SOURCE DATA:
++++

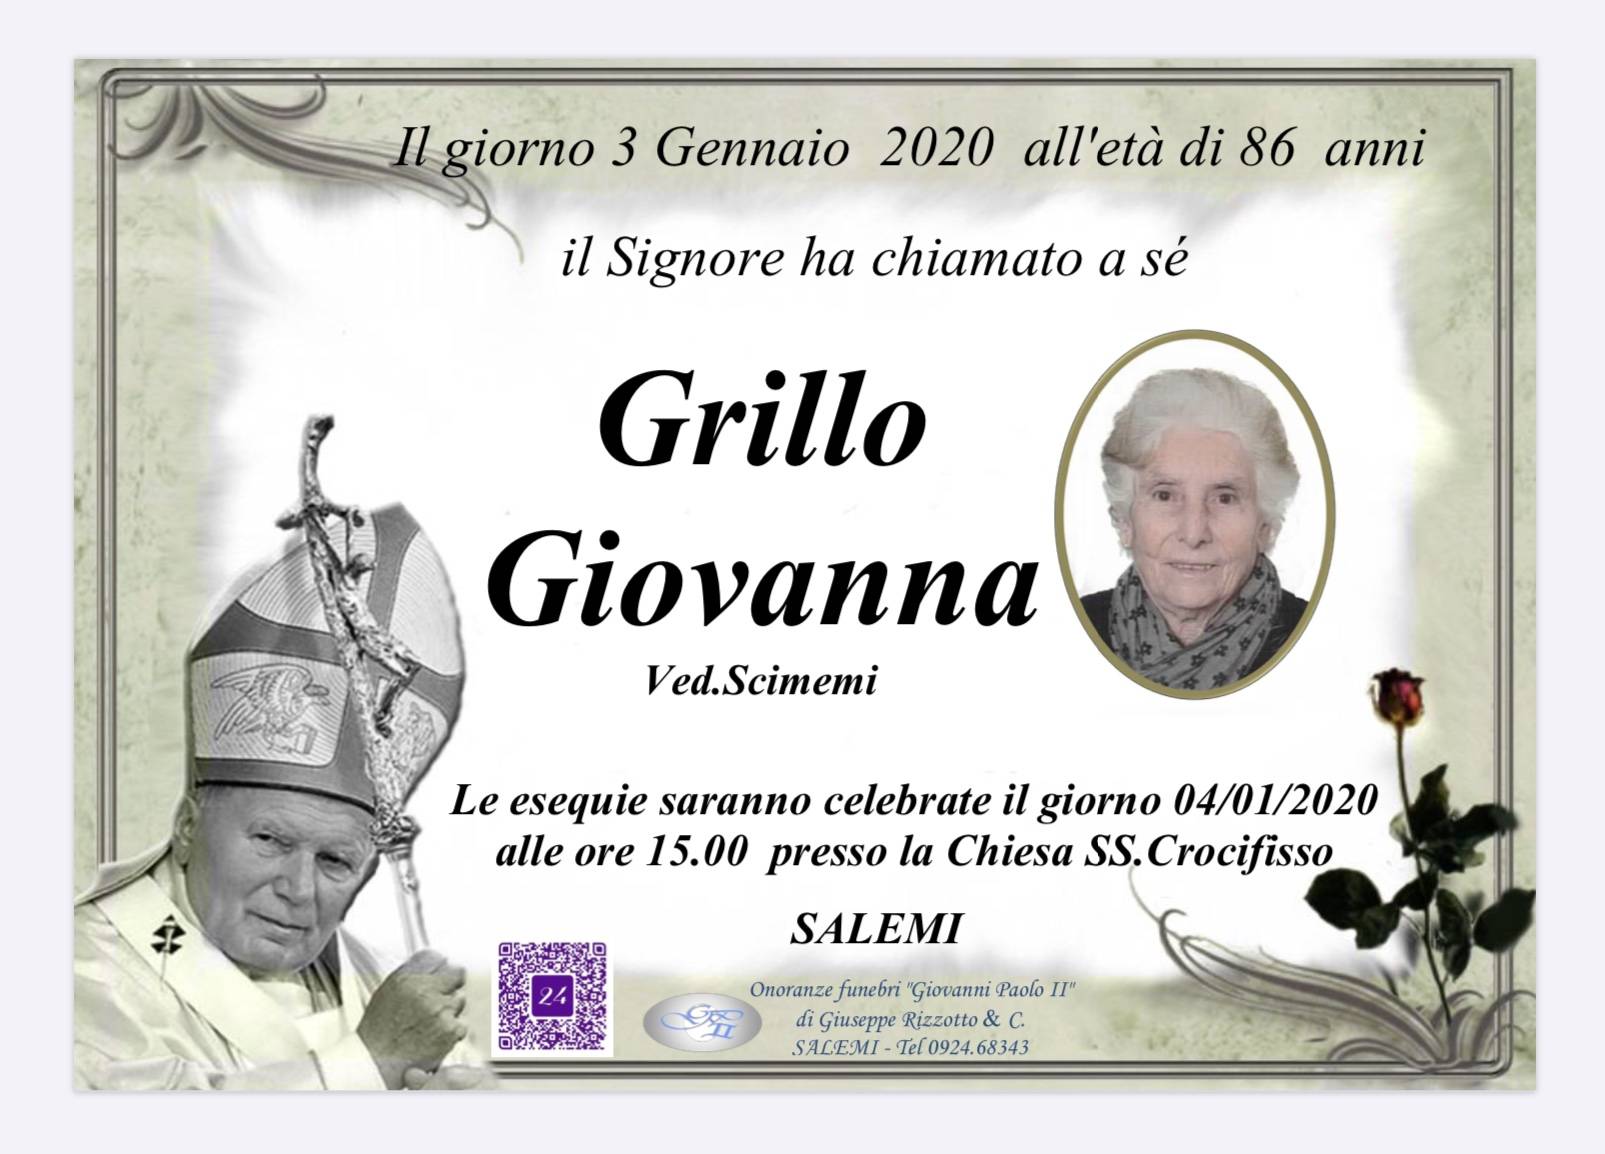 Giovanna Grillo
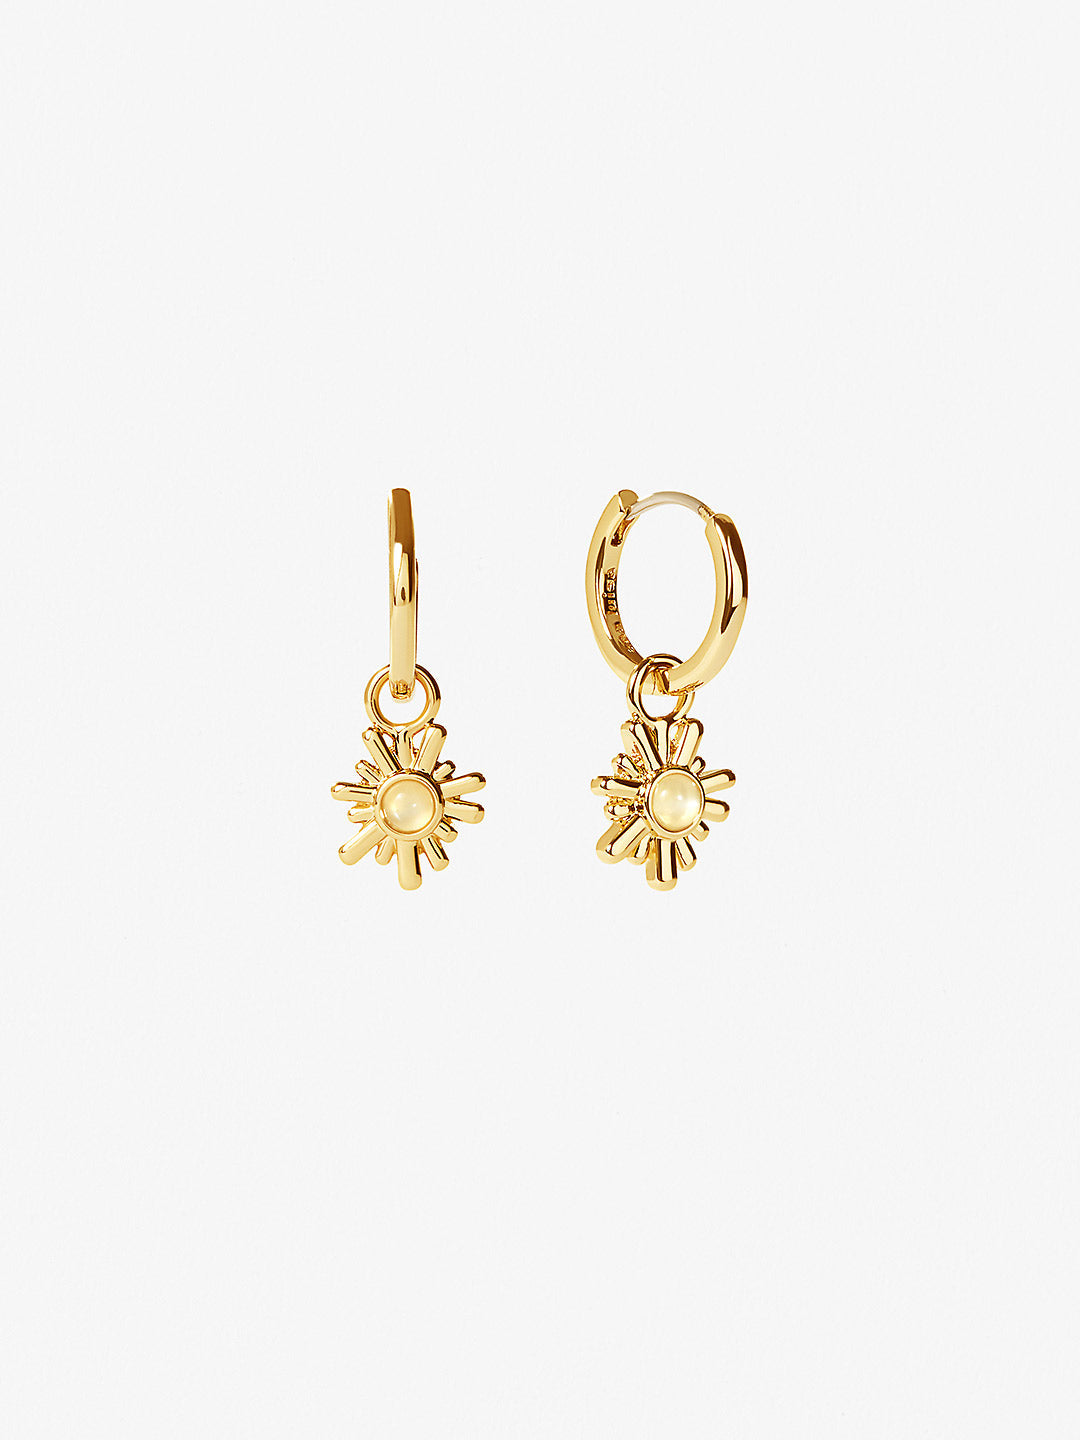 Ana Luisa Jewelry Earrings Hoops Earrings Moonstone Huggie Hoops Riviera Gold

++++

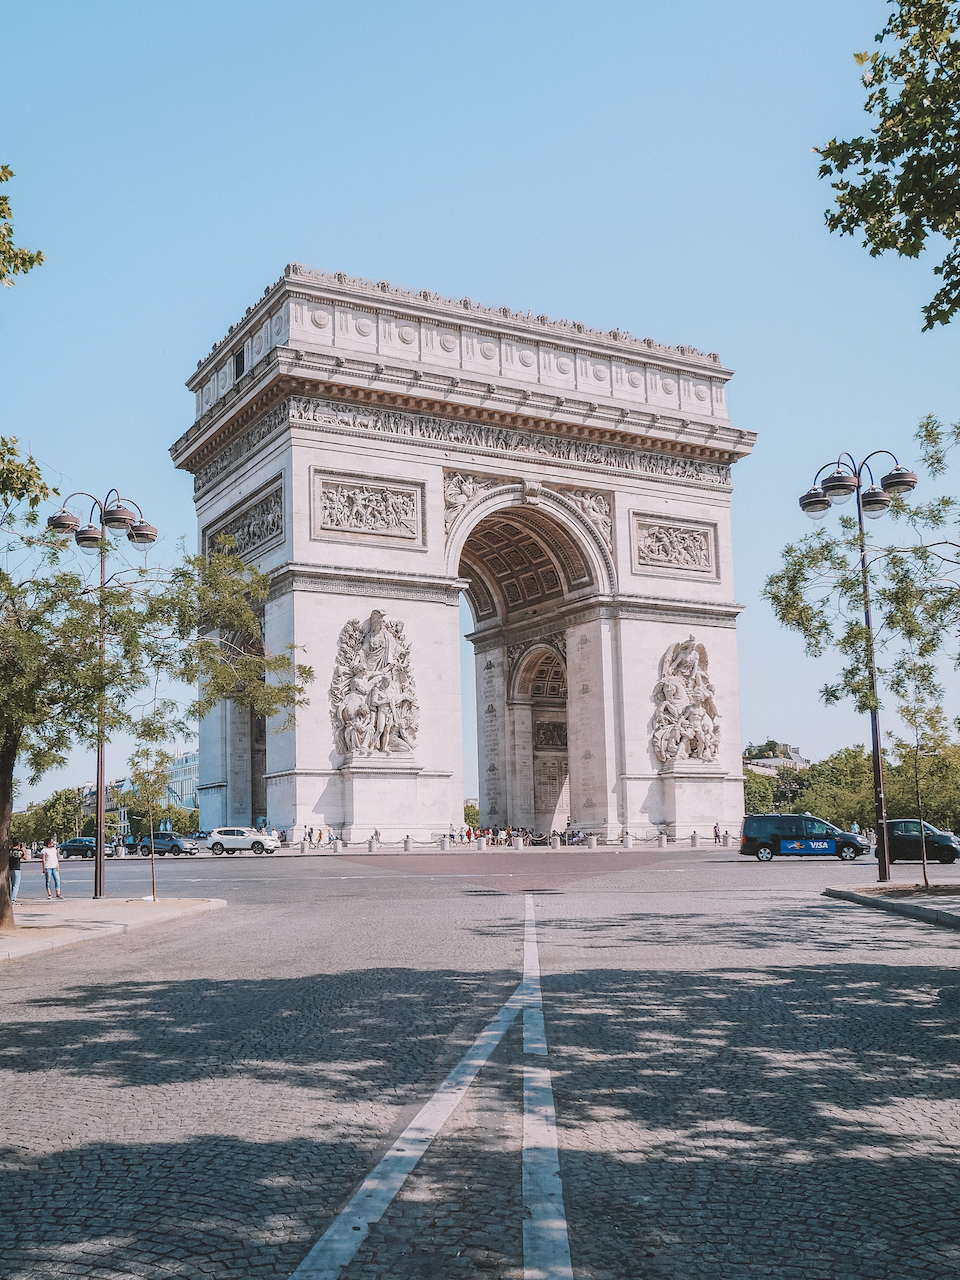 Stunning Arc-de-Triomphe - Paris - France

++++

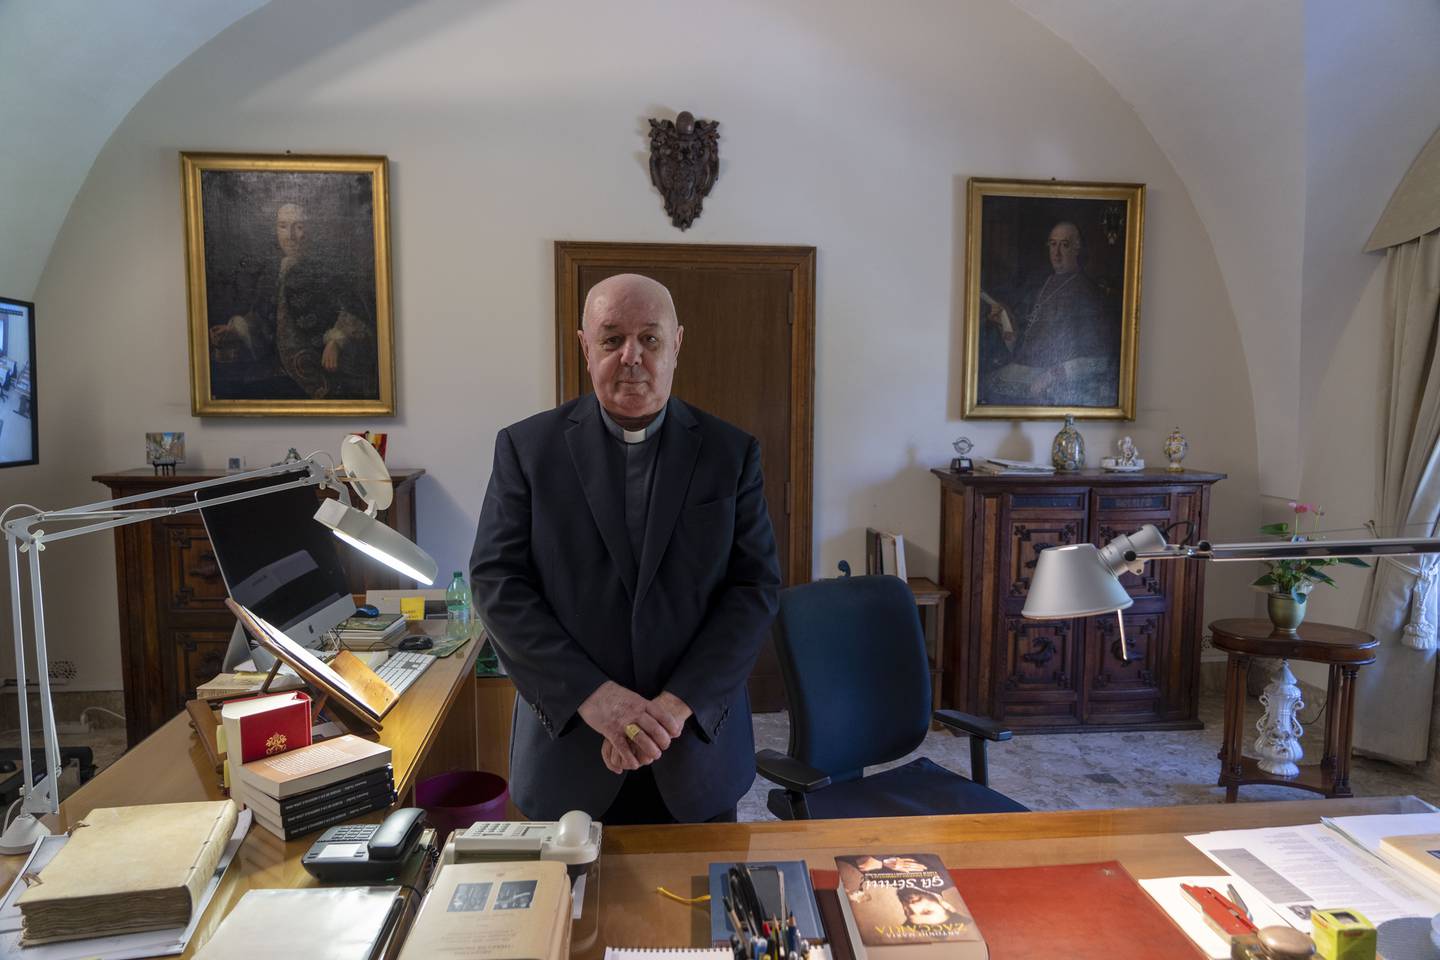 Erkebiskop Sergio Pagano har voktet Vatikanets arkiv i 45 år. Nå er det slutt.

++++

A clean copy is needed of the lines above from the one with "Giovanna Grillo" up to and including the one with "Ana Luisa Jewelry". Please set it down exactly, with no pictures.

EXERCISE SOLUTION:
 Giovanna Grillo
 Ana Luisa Jewelry Earrings Hoops Earrings Moonstone Huggie Hoops Riviera Gold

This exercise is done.